Monday, April 6, 2009

Tata's Nano pips Maruti's A-Star in fuel efficiency

Market leader Maruti Suzuki’s unchallenged run as the maker of most fuel-efficient cars in India may have ended with the Automobile Research Association of India testifying that Tata Motors’ small car Nano consumes less fuel than its most frugal models.

The Pune-based agency that tests all cars commercially launched in India has certified that Nano, the cheapest car in the world with a price tag of Rs 1.2 lakh in Delhi, is also the most economical one among the 450 models available in the market with a fuel-efficiency figure of 23.6 km per litre of petrol under standard test conditions.

Maruti Suzuki, which boasts of technology from Japanese parent Suzuki, which owns 54% in the BSE-listed car maker, managed a respectable second spot with its A-Star returning an efficiency figure of 19.6 km per litre.

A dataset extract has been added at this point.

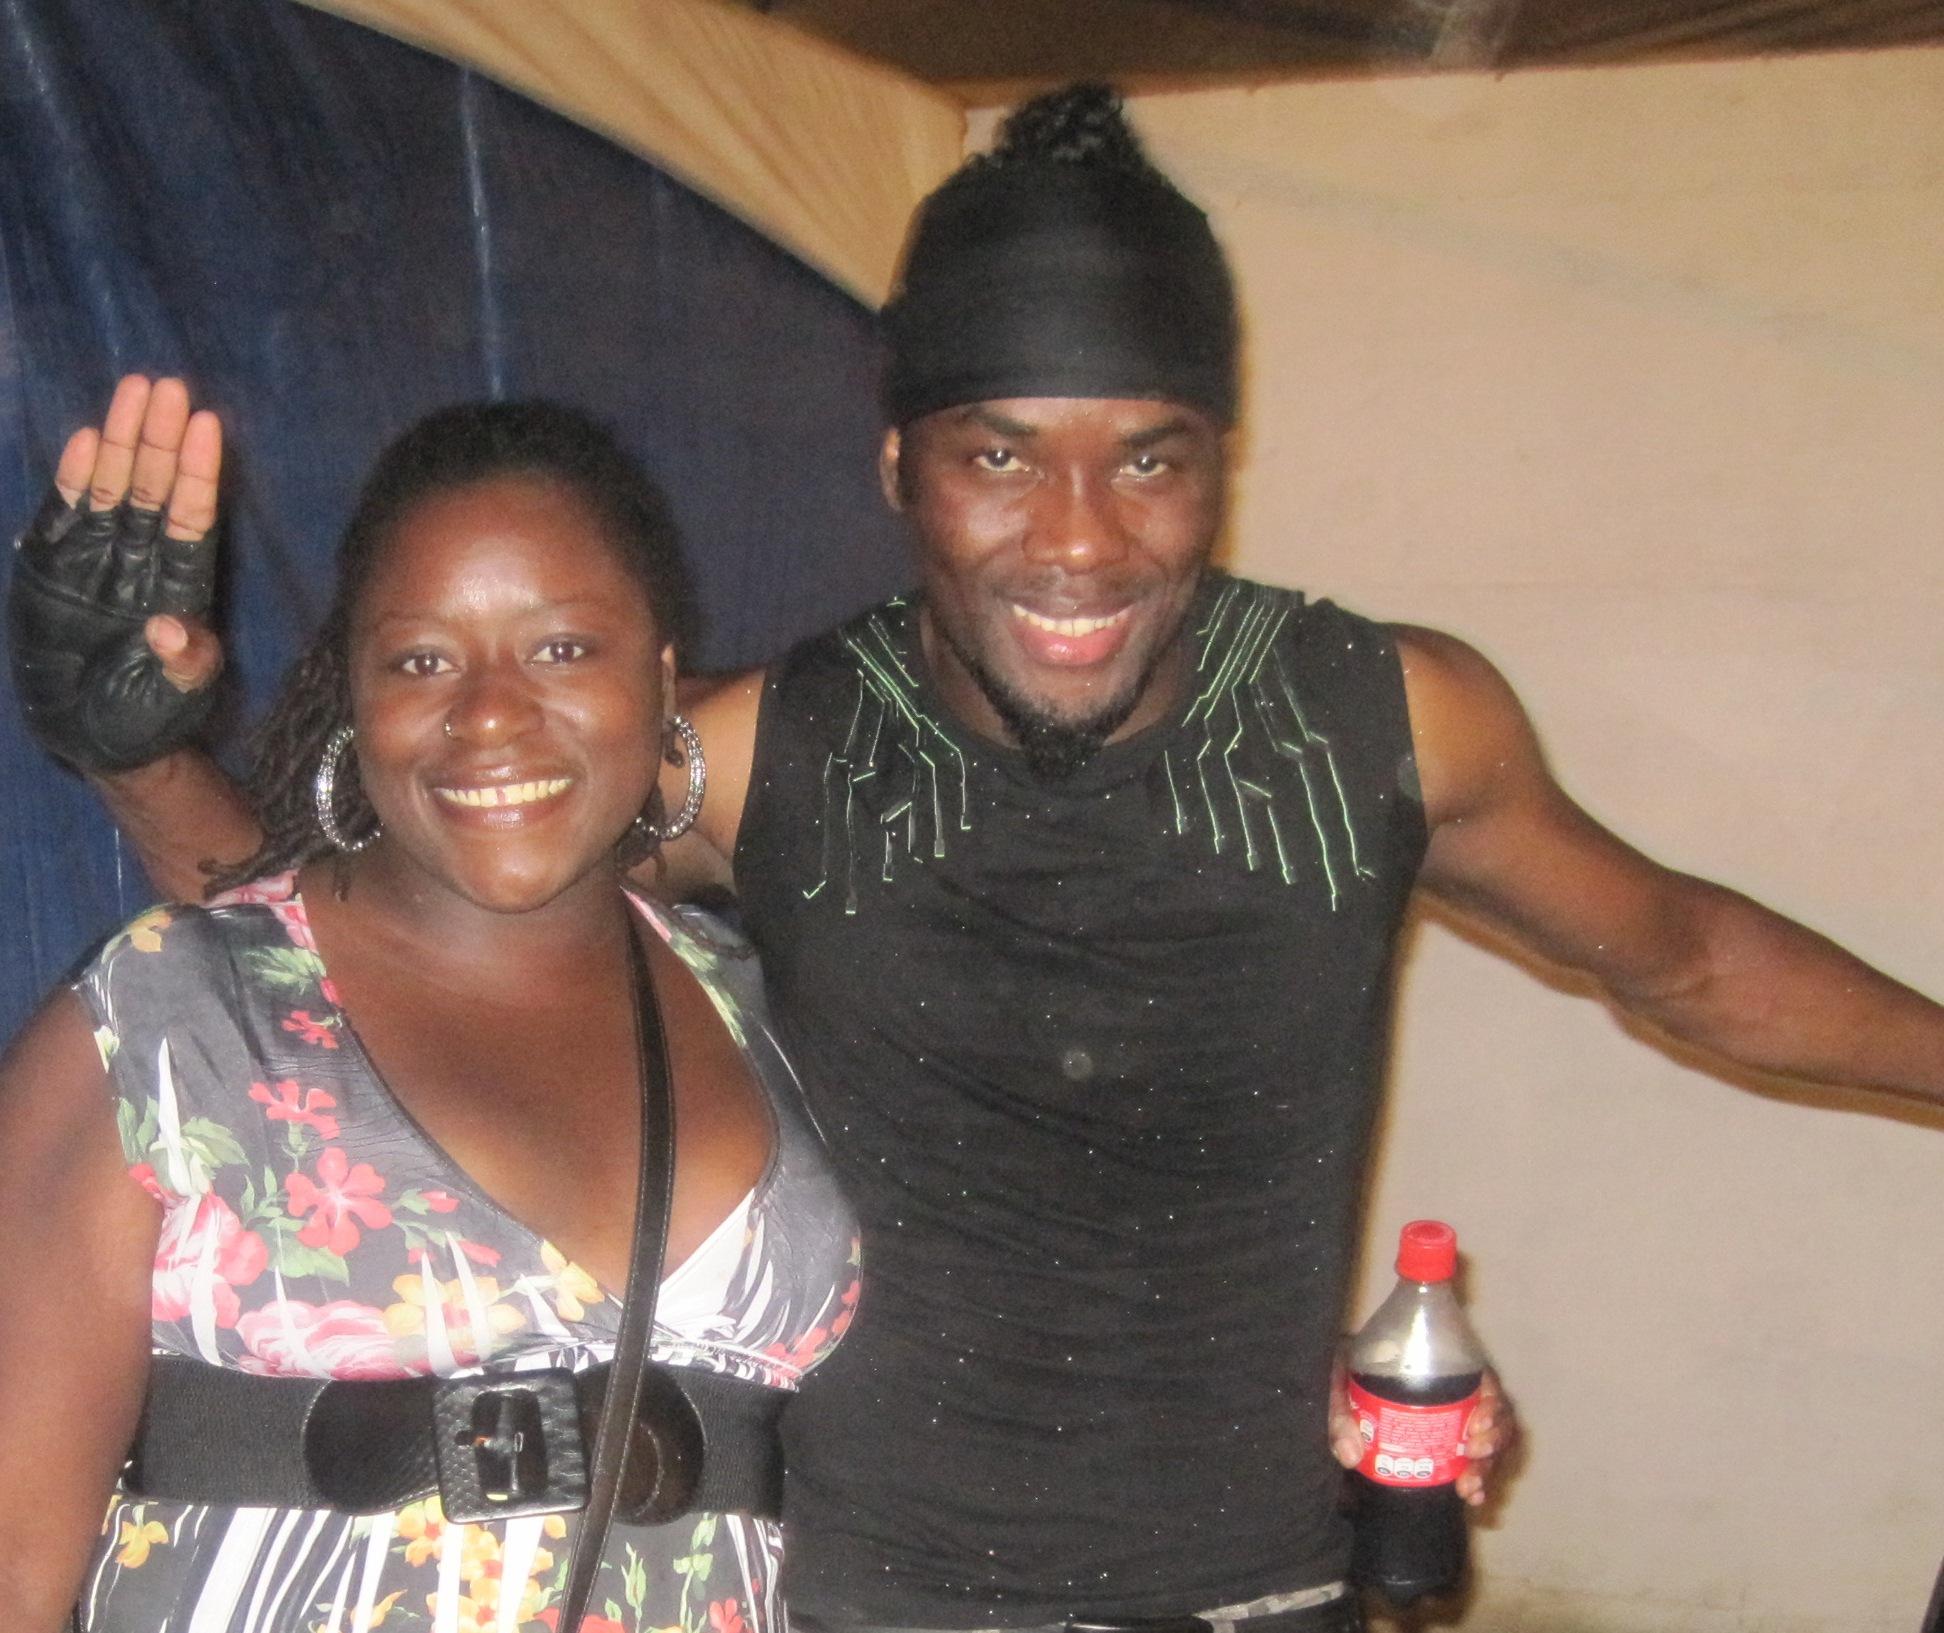 Copy of with Swappi (Trinidad 2012)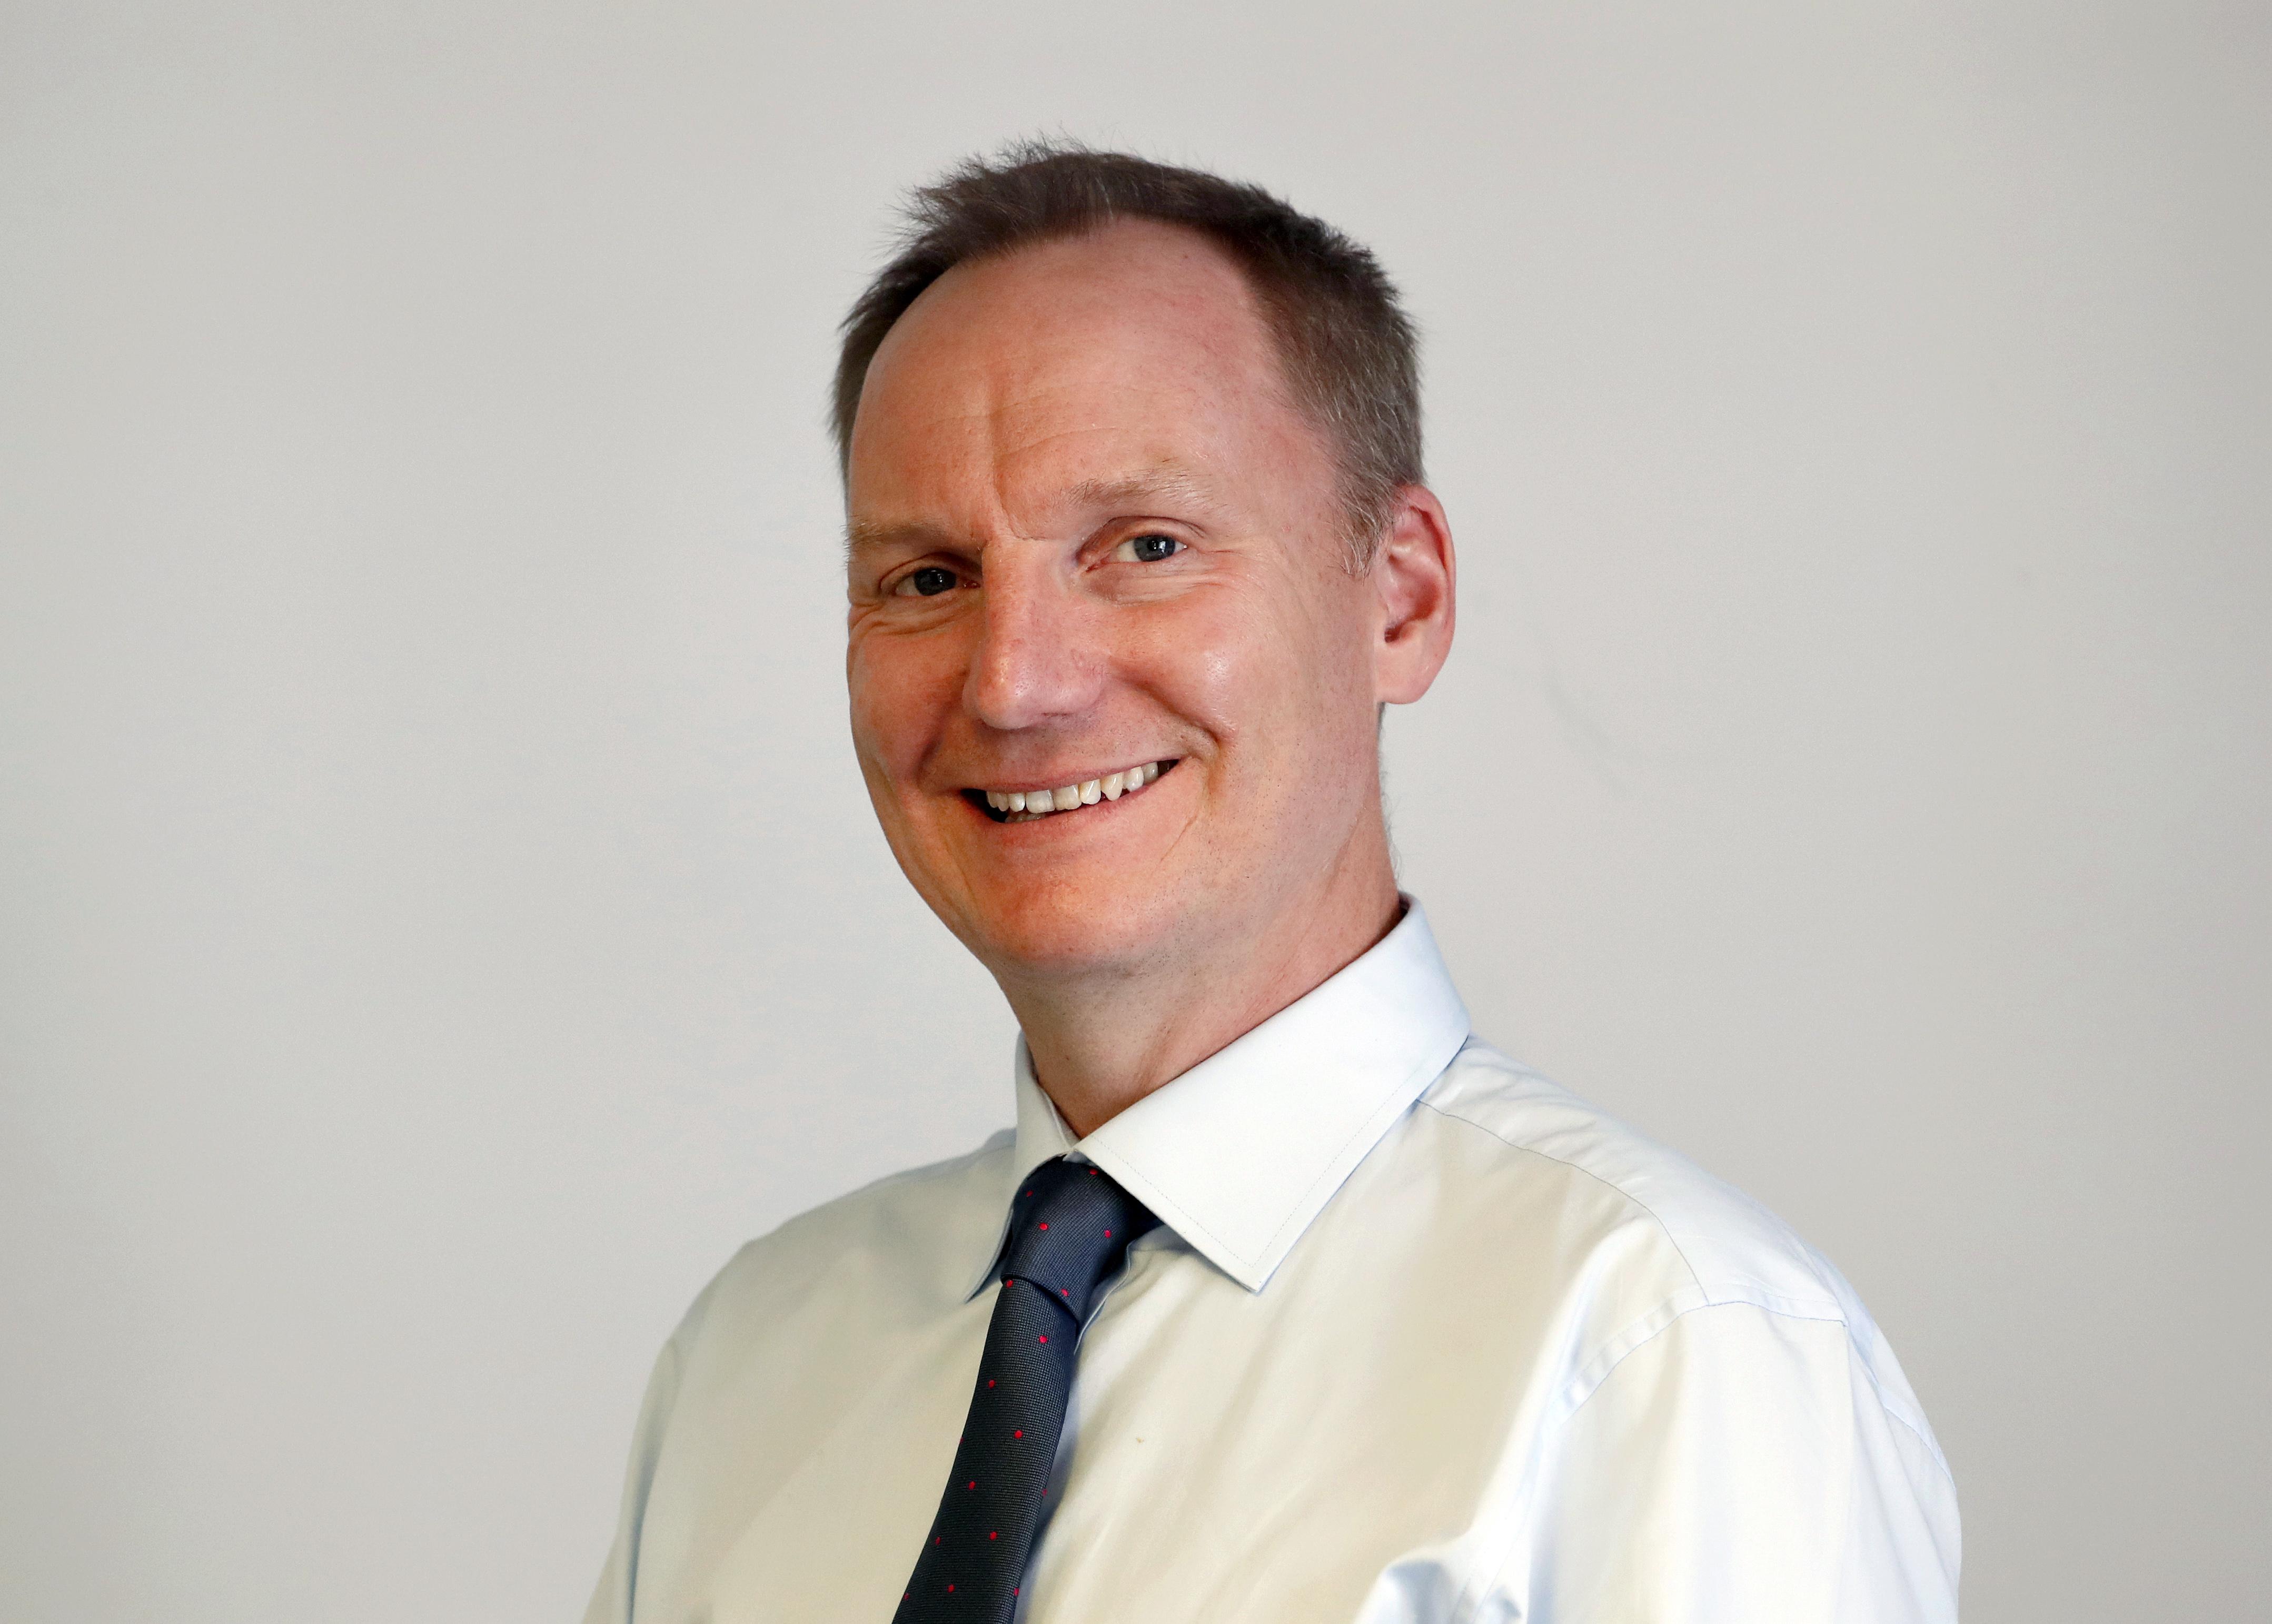 AP names James Jordan as deputy news director for Europe

Maruti’s highest-selling model Alto, which has been the most economical car for more than a decade, was tied at the third spot with Hyundai i10 with an efficiency score of 18.1 km per litre.

Fuel efficiency is the single most important factor influencing customer decisions in India, as fuel charge is the largest component of the operating cost of a vehicle. To cut running cost, auto companies are offering cars that run on alternate fuels such as CNG, LPG and hybrid cars, which lower fuel costs considerably.

Maruti has been credited for launching most efficient petrol cars, while South Korean car maker Hyundai has revolutionised the diesel market by introducing the common rail direct injection technology.

Hyundai’s Verna sedan, which delivers 21.9 kmpl, is the most efficient diesel car ahead of Tata Motors’ Indigo Dicor that returns 21.4 kmpl. Maruti Swift, the largest-selling diesel car in the premium hatchback segment, comes third with a fuel efficiency of 21 kmpl.

For Indian customers, who have multiple choices, buying a new car had been a trial. Now that every car is marketed on the strength of its fuel efficiency, customers are able to make clear choices to keep the fuel costs at bare minimum.

“We have been driving the market by marketing the high fuel efficiency of our cars. Every company is trying to maximise performance by adopting technologies that utilise every drop of fuel to deliver high fuel efficiency,” said a Maruti official, requesting anonymity.

While the Indian market is crowded with over 450 models and cars, it is only the smaller cars that make it to the top fuel-efficiency bracket.

None of the luxury cars figured on the list of most fuel-efficient cars that is dominated by smaller vehicles, though some of them such as Honda’s petrol car City (16.53 kmpl) and Skoda’s Octavia and Laura diesels (16 kmpl) returned excellent fuel-efficiency figures.